The manuscript “ The C1473G mutation in the mouse Tph2 gene: from molecular mechanism to biological consequences" by Khotskin et al. is an experimental study that touches on the behavioral and biochemical consequences of the mutation in the gene encoding the THP2 enzyme. In general, the study is well-designed, and the presentation of the obtained results and the structure of the individual chapters are clear and comprehensive. However, I believe some points require clarification and should be discussed by the authors before this work can be considered for publication.

 

My first comments concern the chapter Materials and Methods. My first comments concern the chapter Materials and Methods. In my opinion, the authors should expand the descriptions of behavioral tests (sections: 2.2.4 and 2.2.6) as well as biochemical methods (sections: 2.4; 2.5.2 -Ë— 2.5.7) so that an interested person could repeat a given experimental procedure without referring to the cited works.

 

In the chapter Results, Section 3.2., Fig. 6C shows only representative blots from mutants 1373C and 1373G. Therefore, original gels with blots for all mice taken for calculations should be shown in Supplementary Materials.

 

In the descriptions of ANOVA results, please enter a uniform formula for presenting the results of this analysis, e.g. F (2,36) = 1.87, p = 0.17 instead of (F2,36) < 1 without specifying the p-value.

 

Please correct the descriptions of the results for which two-way ANOVA was used for analysis. Statistically significant differences between the tested groups are marked with symbols above particular bars only when an interaction between the tested parameters is found. When there is no interaction, only the effects of the individual parameters are given.

 

Author Response

The manuscript “ The C1473G mutation in the mouse Tph2 gene: from molecular mechanism to biological consequences" by Khotskin et al. is an experimental study that touches on the behavioral and biochemical consequences of the mutation in the gene encoding the THP2 enzyme. In general, the study is well-designed, and the presentation of the obtained results and the structure of the individual chapters are clear and comprehensive. However, I believe some points require clarification and should be discussed by the authors before this work can be considered for publication.

 

My first comments concern the chapter Materials and Methods. My first comments concern the chapter Materials and Methods. In my opinion, the authors should expand the descriptions of behavioral tests (sections: 2.2.4 and 2.2.6) as well as biochemical methods (sections: 2.4; 2.5.2 -Ë— 2.5.7) so that an interested person could repeat a given experimental procedure without referring to the cited works.

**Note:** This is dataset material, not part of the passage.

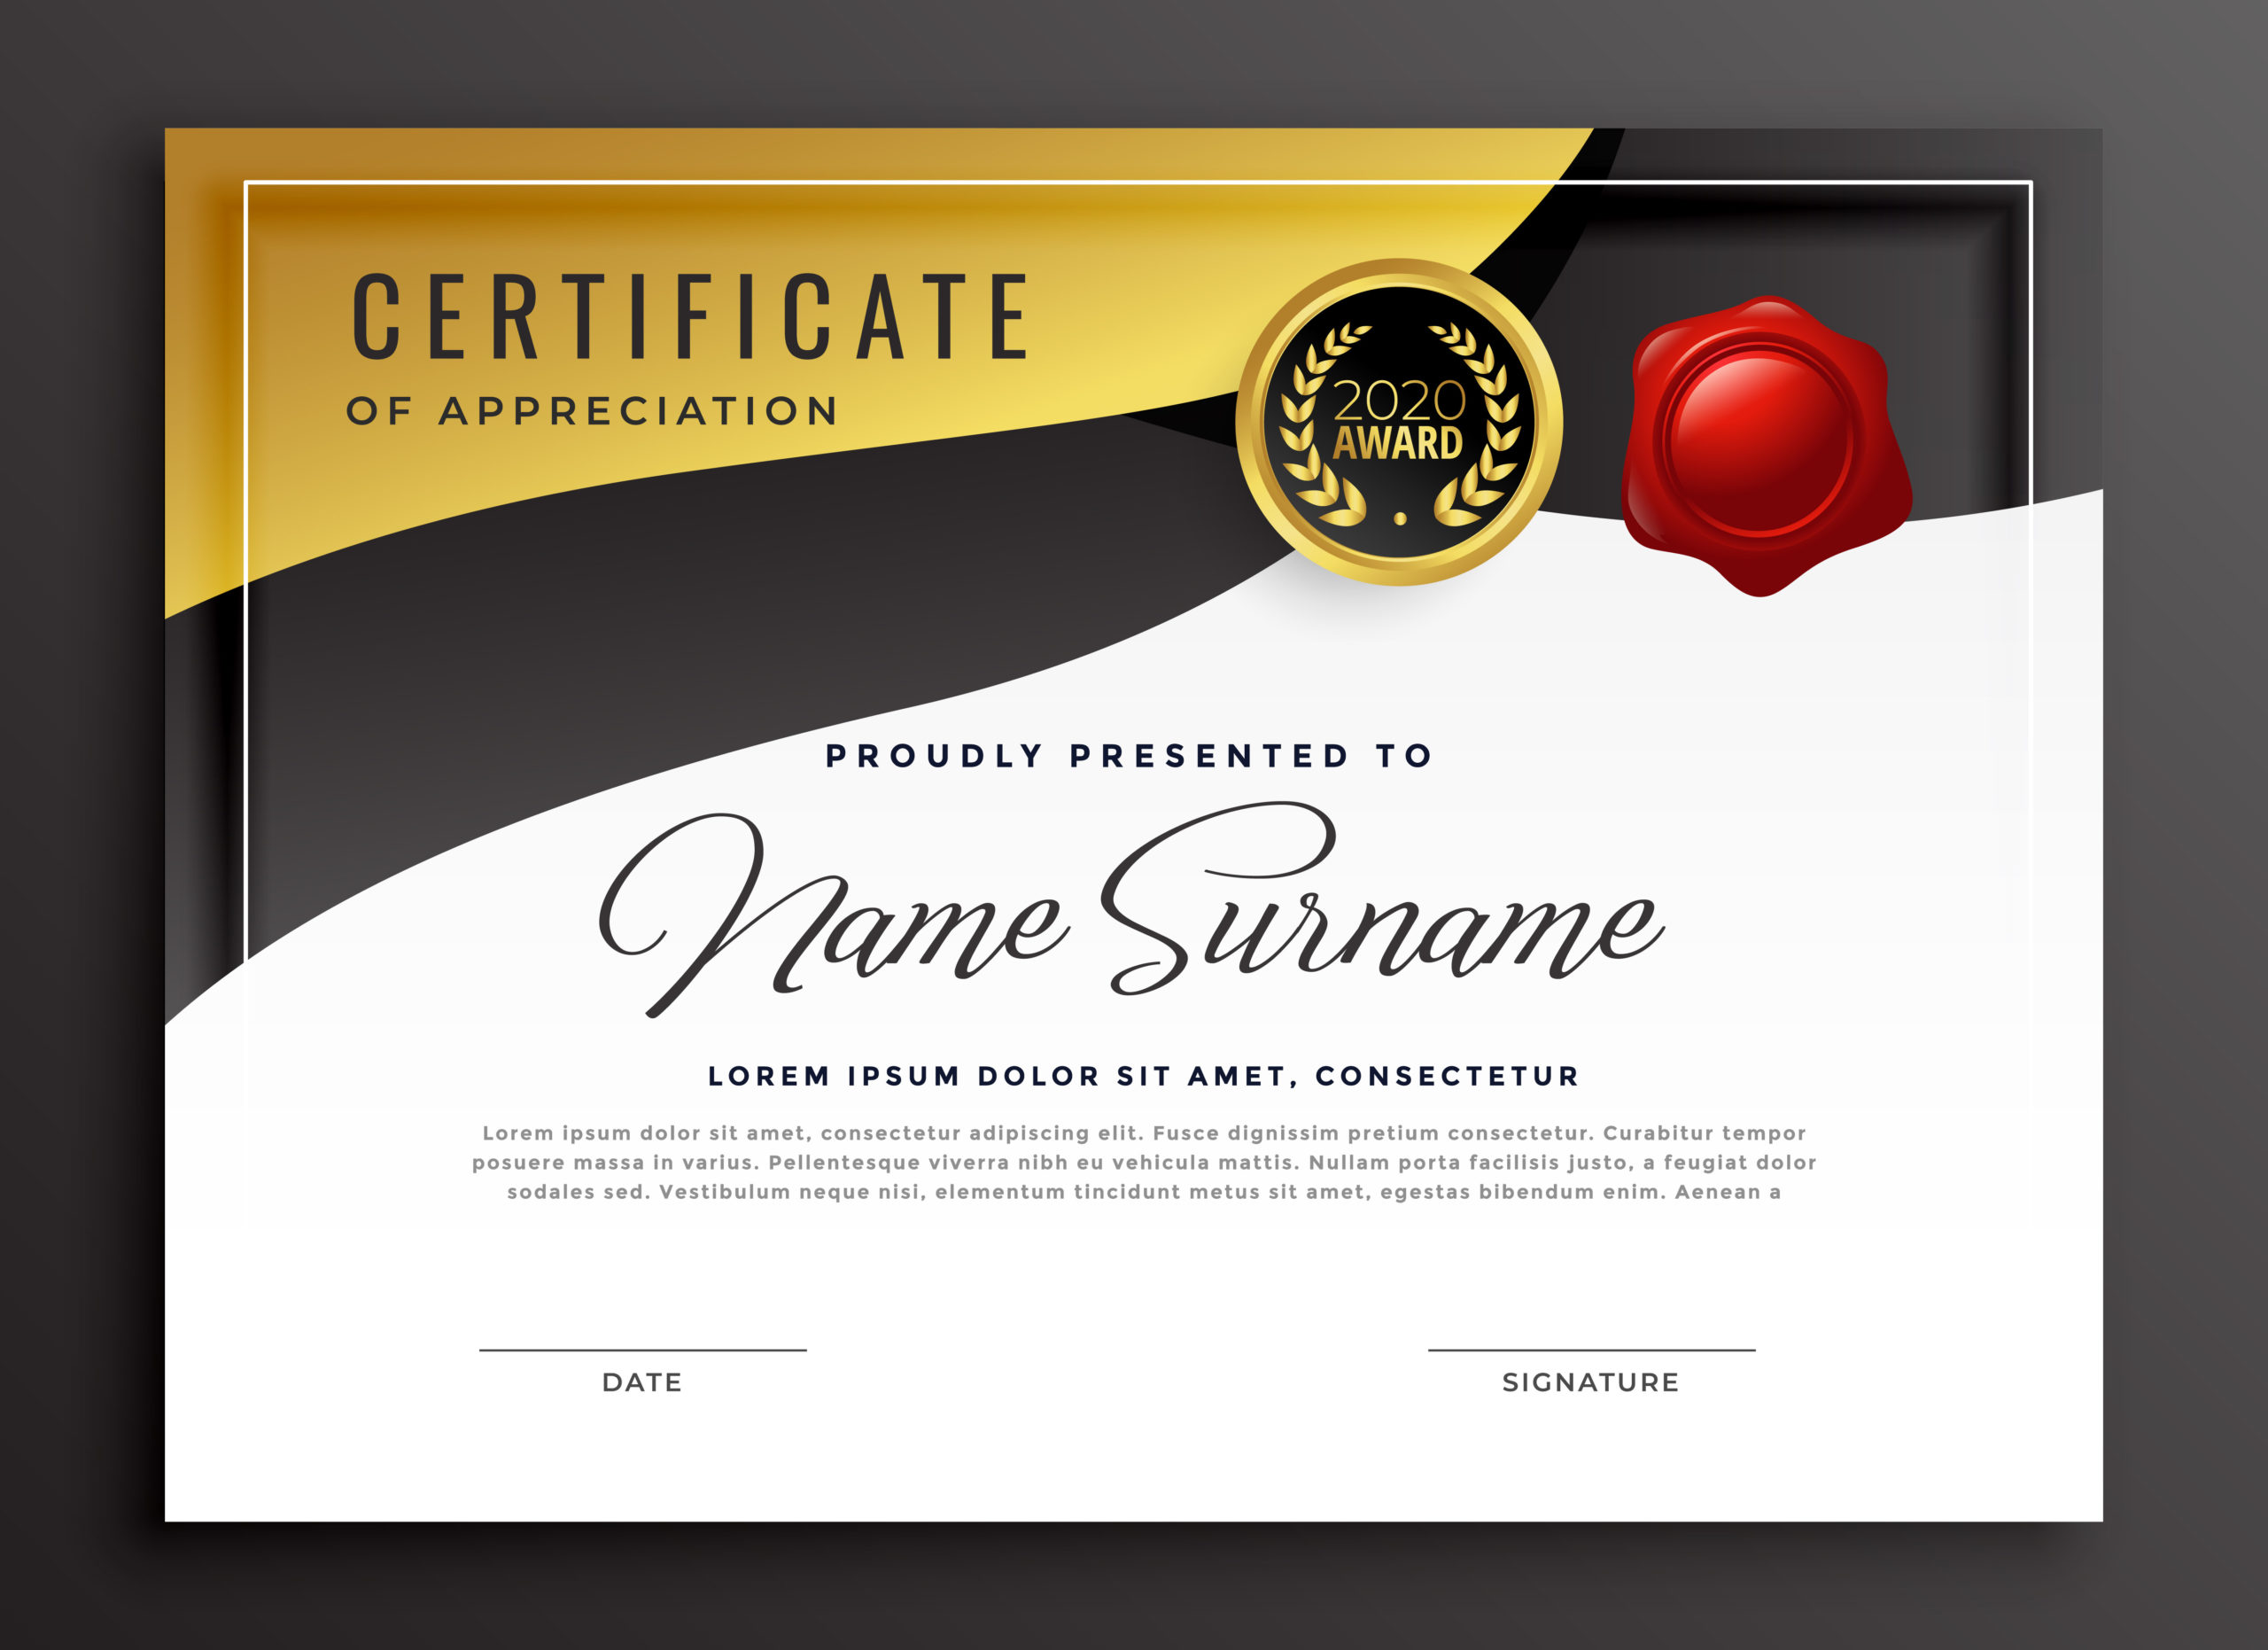 Golden Certificate Of Appreciation Template Download Within Certificate Of Appreciation Template Doc

Answer. The first variant of this manuscript included the expanded descriptions of all methods used. However, the special program found a high percentage of auto-plagiarisms in its first version. The main source of this plagiarism was precisely the detailed descriptions of methods that are found in many of our other articles. In order to decrease the percentage of auto-plagiarisms, we restricted the descriptions of behavioral test and biochemical methods to references to our published papers. However, if the editors allow it and do not pay attention to auto-plagiarism, we can include a full description of all the methods used.

 

In the chapter Results, Section 3.2., Fig. 6C shows only representative blots from mutants 1373C and 1373G. Therefore, original gels with blots for all mice taken for calculations should be shown in Supplementary Materials.

Answer. OK, We put the original blots in the Supplement.

 

In the descriptions of ANOVA results, please enter a uniform formula for presenting the results of this analysis, e.g. F (2,36) = 1.87, p = 0.17 instead of (F2,36) < 1 without specifying the p-value.

Answer. OK. Corrected.

 

Please correct the descriptions of the results for which two-way ANOVA was used for analysis. Statistically significant differences between the tested groups are marked with symbols above particular bars only when an interaction between the tested parameters is found. When there is no interaction, only the effects of the individual parameters are given.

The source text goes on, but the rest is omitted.